Cash-Secured Puts: How to Generate Weekly Premium Income
Selling a cash-secured put (CSP) means agreeing to buy 100 shares of a stock at a specific price (the strike) by a specific date, in exchange for receiving a premium upfront. Done correctly, it's one of the most consistent income strategies available to retail traders.
In the ExpiredOptions portfolio: Cash-secured puts are sold every week across a diverse set of tickers. In 2024, over 1,400 options contracts were sold — generating $47,640 in total premium income for the year. In 2025, that number grew to over $68,000 across more than 1,700 contracts.
How a Cash-Secured Put Works
When you sell a put option, you receive a cash premium immediately. In exchange, you're obligated to purchase 100 shares of the stock at the strike price if the buyer exercises the option. "Cash-secured" means you hold enough cash in your account to cover that potential purchase — so you're never borrowing on margin.
Example: Stock ABC trades at $50. You sell a $45 put with 14 days to expiration for $0.65 per share, collecting $65 in premium (100 shares × $0.65). You hold $4,500 in cash as collateral. If the stock stays above $45 at expiration, the option expires worthless and you keep the $65. If the stock drops below $45, you're assigned and purchase 100 shares at $45 — effectively buying the stock at a $4.35 cost basis ($45 strike − $0.65 premium received).
Strike Selection: How Far Out-of-the-Money?
Strike selection determines the balance between premium collected and probability of assignment. The further out-of-the-money your strike, the lower the premium — but the lower the chance of being assigned. There are three common frameworks:
- Conservative (delta 0.15–0.25): Strikes 15–25% below the current price. Low assignment risk, lower premiums. Good for stocks you don't want to own.
- Moderate (delta 0.25–0.35): The most common range. Balances premium with a meaningful buffer below market price. Works best on stocks you're willing to hold if assigned.
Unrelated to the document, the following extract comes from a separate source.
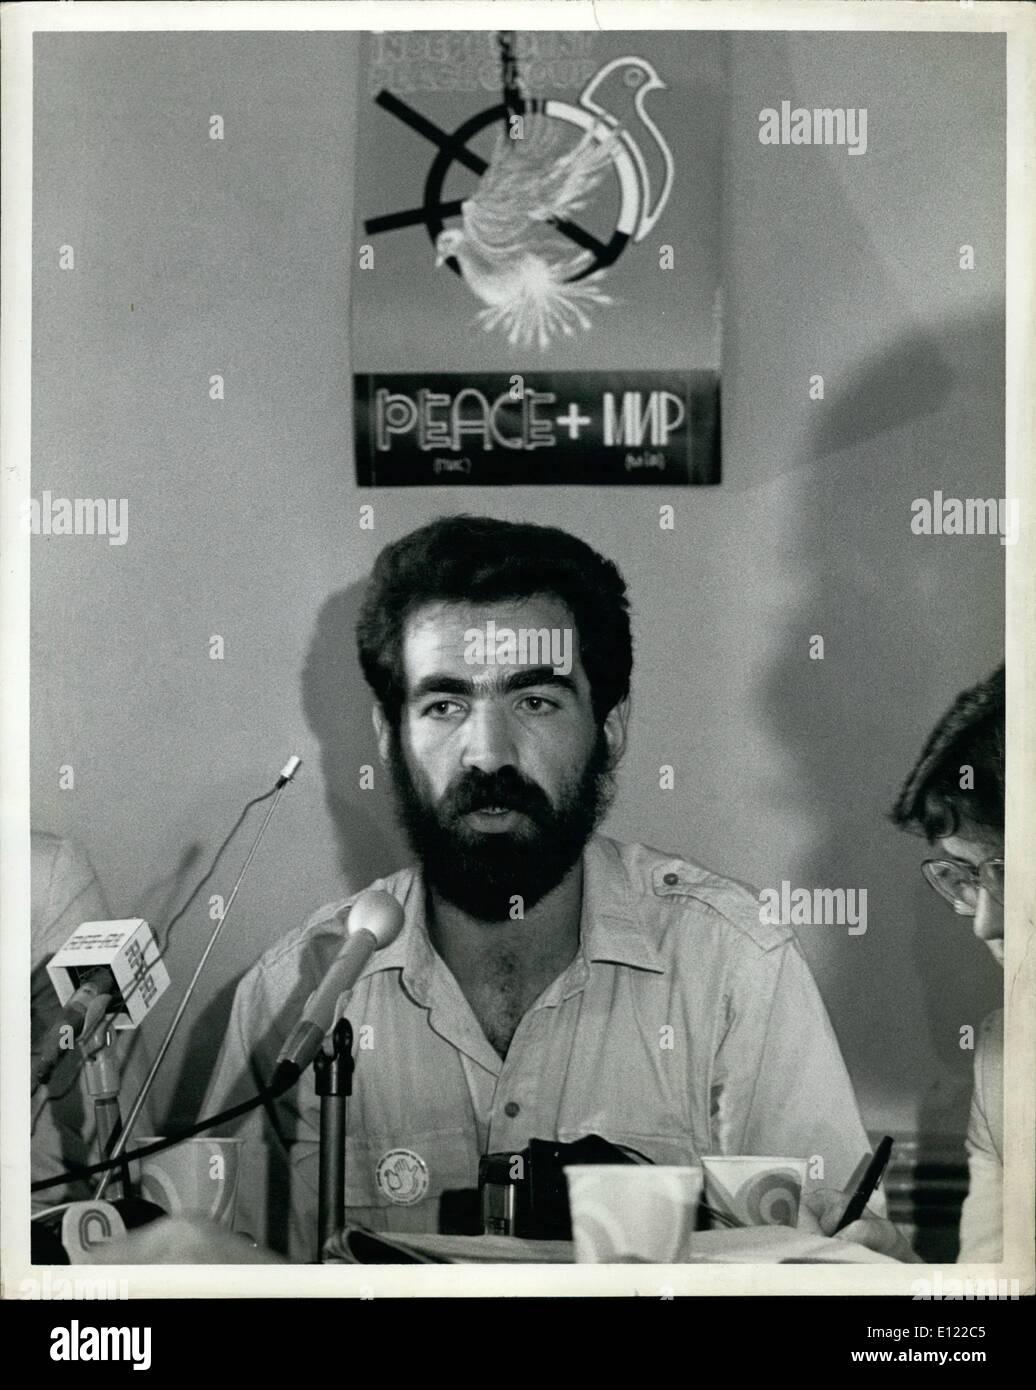 6. Juni 1983 - Donnerstag, 30. Juni 1983, New York City: Eines der Foundres der unabhängigen sowjetischen Friedensgruppe, Sergie Batovrin Pressekonferenz erste heute seit seiner Ankunft aus der Sowjetunion. Herr Batovrin, die halfen, die '' Gruppe zum Vertrauensaufbau zwischen der UdSSR und den USA'' gefunden wurde für einen Monat im Krankenhaus Psycho Nuerological #114 in Moskau letztes Jahr inhaftiert und wurde ständig belästigt von den sowjetischen Behörden bis zu seinem erzwungenen Vertreibung am 19. Juni dieses year.Mr. Batorvin, ein Künstler, gesellte sich auf der Prress-Konferenz mit einem anderen Gründer der Gruppe Herr Stockbild

- Aggressive (delta 0.35–0.50): Strikes close to the current price. Maximum premium but real assignment probability. Only appropriate on stocks you actively want to buy at that level.
At ExpiredOptions, most CSPs are sold in the moderate range — targeted at stocks already held in inventory or ones that would be welcome additions at a discounted price.
Expiration: Why 7–21 DTE?
DTE (Days to Expiration) has a dramatic effect on how theta decay works. Options lose time value fastest in the final 30 days of their life — and even faster in the final 7 days. Selling options in the 7–21 DTE window puts you in the zone of maximum theta decay acceleration, meaning you collect premium that erodes quickly in your favor.
Many traders prefer the weekly cycle (7 DTE) for maximum turnover — collecting premium 52 times per year rather than 12. Others use the bi-weekly or monthly cycle for less monitoring overhead. The right answer depends on how actively you want to manage positions.
What to Do When a Position Goes Against You: Rolling
Sometimes the stock drops toward your strike before expiration. You have three options:
- Let it expire and take assignment. You buy the shares at the strike. If you wanted to own the stock anyway, this is fine — your effective cost basis is the strike minus premium received.
- Close the position (buy to close). Buy back the put at a loss to limit further risk. Best when the stock is in free fall and you've changed your thesis on the name.
- Roll the position. Buy back the current put and simultaneously sell a new put at a lower strike and/or later expiration date — collecting net additional premium. Rolling buys time for the stock to recover without realizing a loss.
Rolling is a powerful tool but it has limits. If you roll repeatedly on a stock that's in structural decline, you accumulate an increasingly large obligation at a price well above market. Always reassess the underlying thesis before rolling.
The Math: What Makes This Compound Over Time?
The compounding effect comes from reinvesting premium. Every week you collect $65, $120, $200 in premium across multiple tickers. That premium goes directly into the account's cash balance, which increases your capacity to secure larger or more positions the following week. Over 12 months, this creates an accelerating income curve — the more premium in the account, the more collateral available, the larger the weekly income potential.
In 2023, the portfolio collected $23,132 in premium. By 2024, it grew to $47,640. By 2025, over $68,000 — nearly triple the 2023 figure — driven entirely by reinvested compounding, not capital additions.
Key Risks
- Assignment risk. You may be obligated to buy shares at your strike even if the stock has fallen significantly below it. Always sell CSPs only on stocks you're willing to own.
- Opportunity cost. The cash reserved as collateral earns no additional return while it's locked up. High-yield savings accounts partially offset this.
- Tail risk in crashes. A market-wide crash can push many positions below their strikes simultaneously. Portfolio diversification across many uncorrelated tickers reduces this risk significantly.
⚠️ This article is for educational purposes only. Options trading involves substantial risk of loss. Past performance does not guarantee future results. Not financial advice.